IT'S ONE THING to speculate about whether George Mallory and Sandy Irvine reached the summit of Mount Everest in 1924, a generation before Hillary and Norgay's success in 1953; it's quite another to put on hobnail boots and try to knock the bastard off yourself. But that's just what American Conrad Anker, 47, and Briton Leo Houlding, 30, did for the new film The Wildest Dream, which hits screens—including Imax—nationwide on August 6. Part Ken Burns–style history, part adventure mystery, the movie, narrated by Liam Neeson, with voice-overs by Ralph Fiennes and the late Natasha Richardson, reconstructs Mallory's quest through archival footage and personal correspondence. At the heart of the project is an attempt by Anker and Houlding to reenact the climb with period gear—gabardine jackets, hobnails, and leather-strapped goggles they don for a portion of the ascent.
The climbers come from the Tibetan (Chinese) side, and the crux of the drama happens at the Second Step, a 15-foot 5.9 cliff with 10,000 feet of exposure that modern alpinists scale with the aid of a ladder. Mallory would have had to free-climb it, using his bare hands. By the time they reach the Second Step, Anker and Houlding have already upgraded to modern expedition-wear to ward off frostbite, but they still have a hypothesis to test. Anker removes the ladder and attempts a free climb of the Step. He makes only one move and then slips and falls, caught by Houlding's belay and a camming device he'd placed.
“I was pretty shocked when he fell off,” Houlding says. “He had modern climbing equipment for protection. If he had slipped like that in 1924, he almost certainly would have taken a ride.” In the end, Anker makes it over the top, as a Chinese climber did in 1960, on the first ascent from the Tibetan side.
So did Mallory make it over the Step? The film's director, Anthony Geffen, is careful to leave the question open-ended, but the facts quickly stack up against the British national hero. Mallory had climbed up to 5.9—about the technical difficulty of the Second Step—but that was in the Alps. Above 28,000 feet, still wearing hobnail boots? “It's possible but unlikely they climbed the Second Step,” says Anker.

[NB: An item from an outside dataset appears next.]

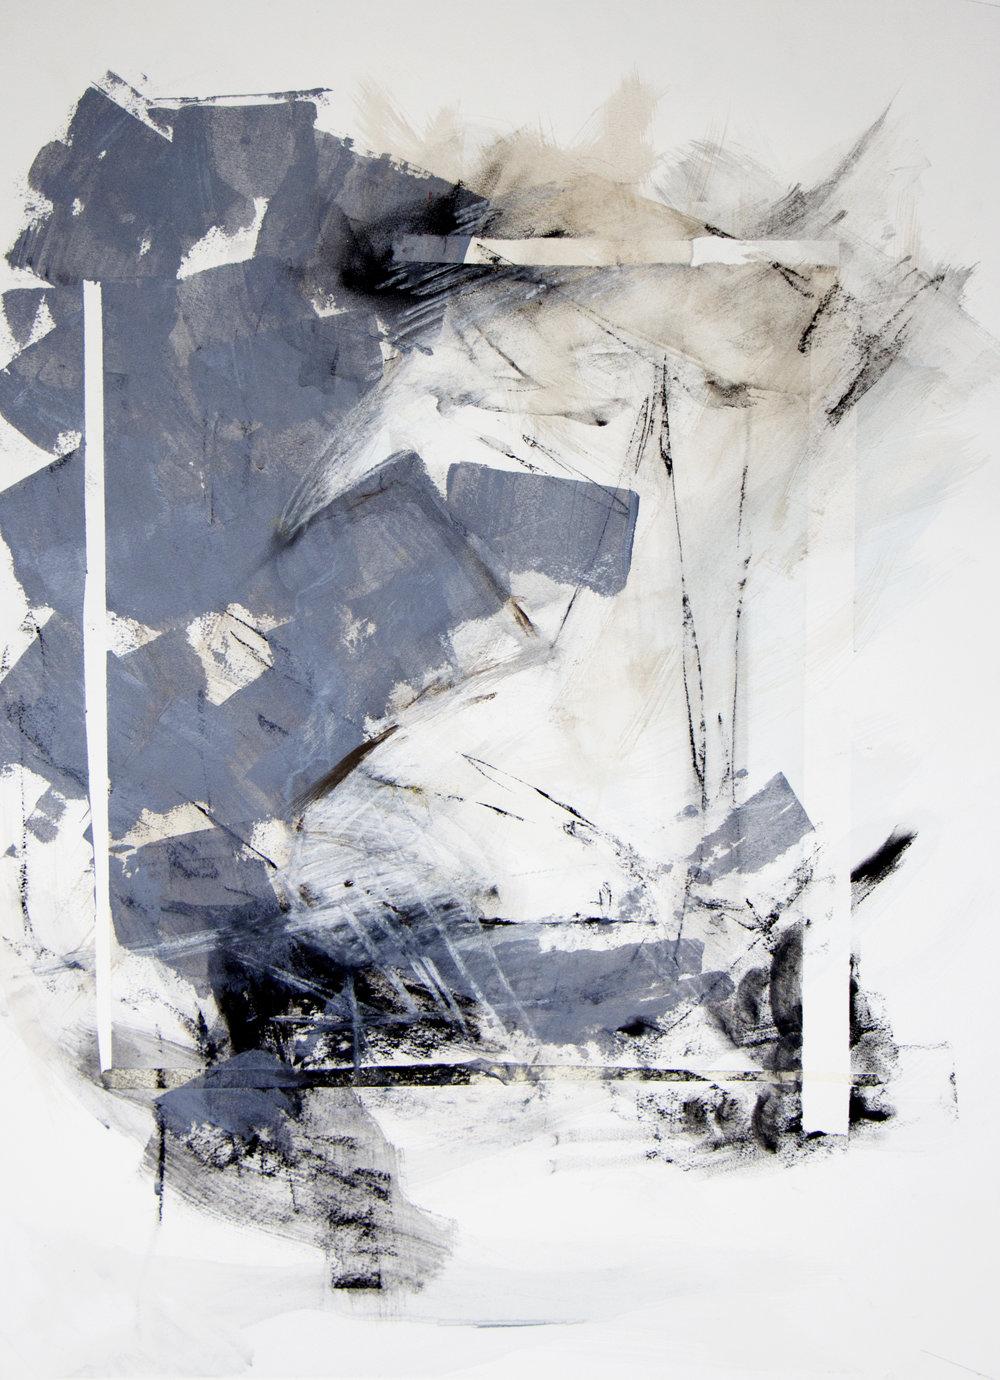 Untitled, $300

But that's almost beside the point. Just reaching it with the gear and know-how of the 1920s would have been an incredible accomplishment. “Everest at that time was another planet,” says Geffen. “They were out of their deck.” As it happened, Geffen's crew was also at its limits. Altitude sickness disabled the entire camera crew. In the end, two unaffiliated guides shot the movie's high-altitude scenes.

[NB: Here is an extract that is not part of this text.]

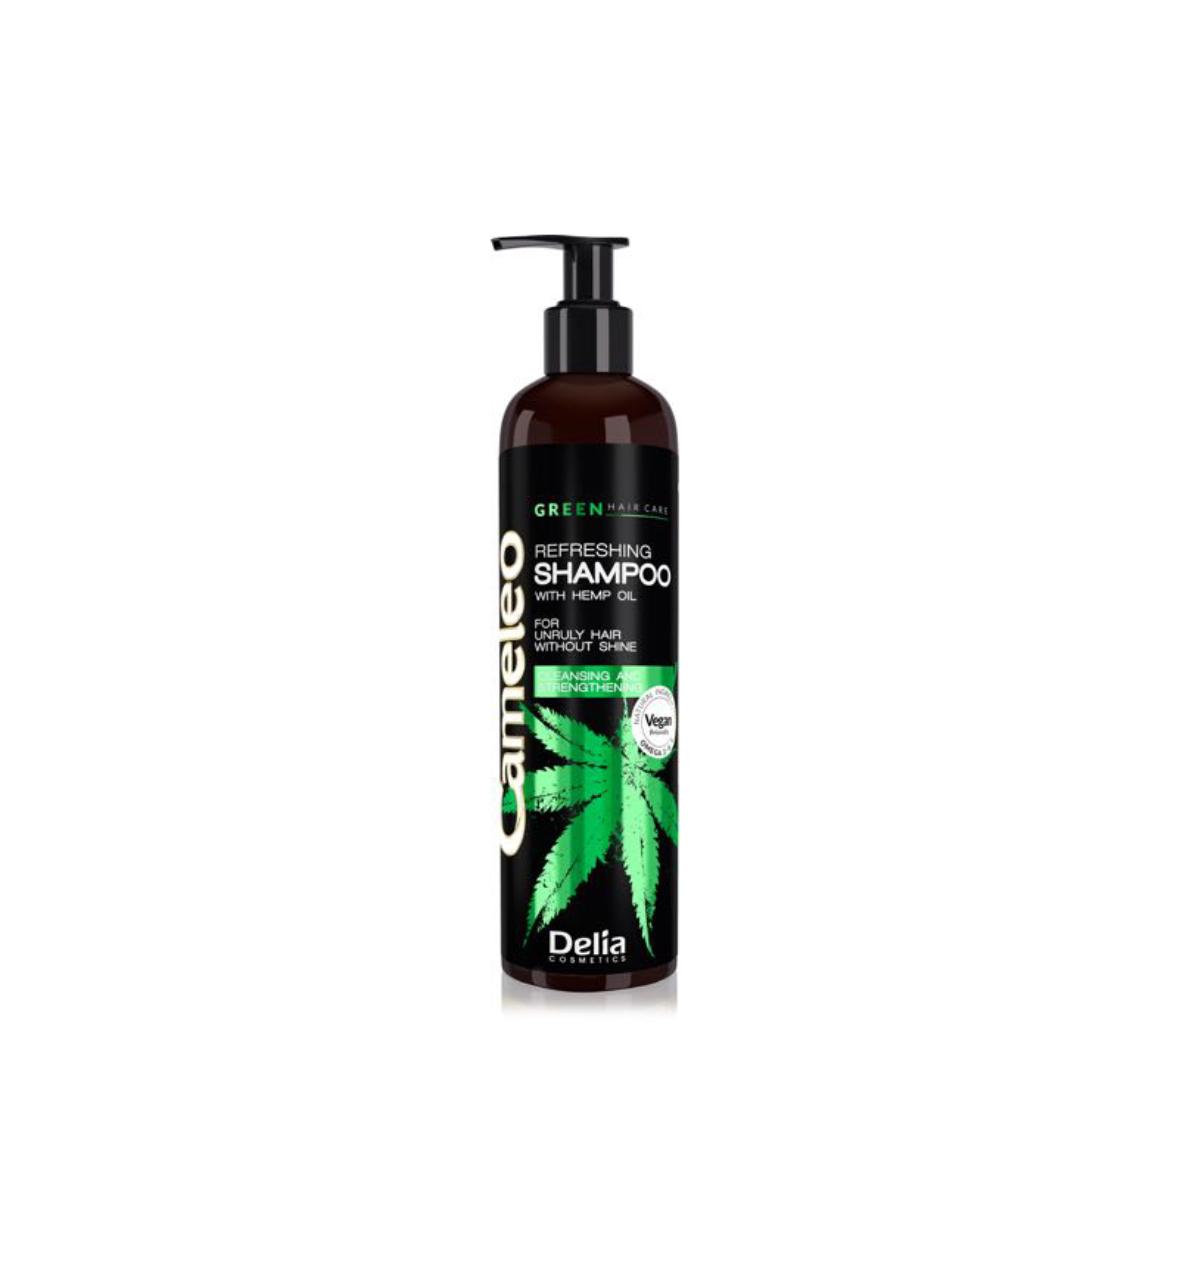 Delia Cameleo - VEGAN GREEN WITH HEMP OIL - Shampoo

All the same, the doubtful conclusion and technical difficulties don't ruin the film. The Wildest Dream offers the most authentic portrayal yet of the boldness of Mallory and Irvine's adventure. Nobody before them knew where to begin the route or how extreme altitude would affect humans. Nobody had been to Everest's Death Zone, and the Brits became its first victims.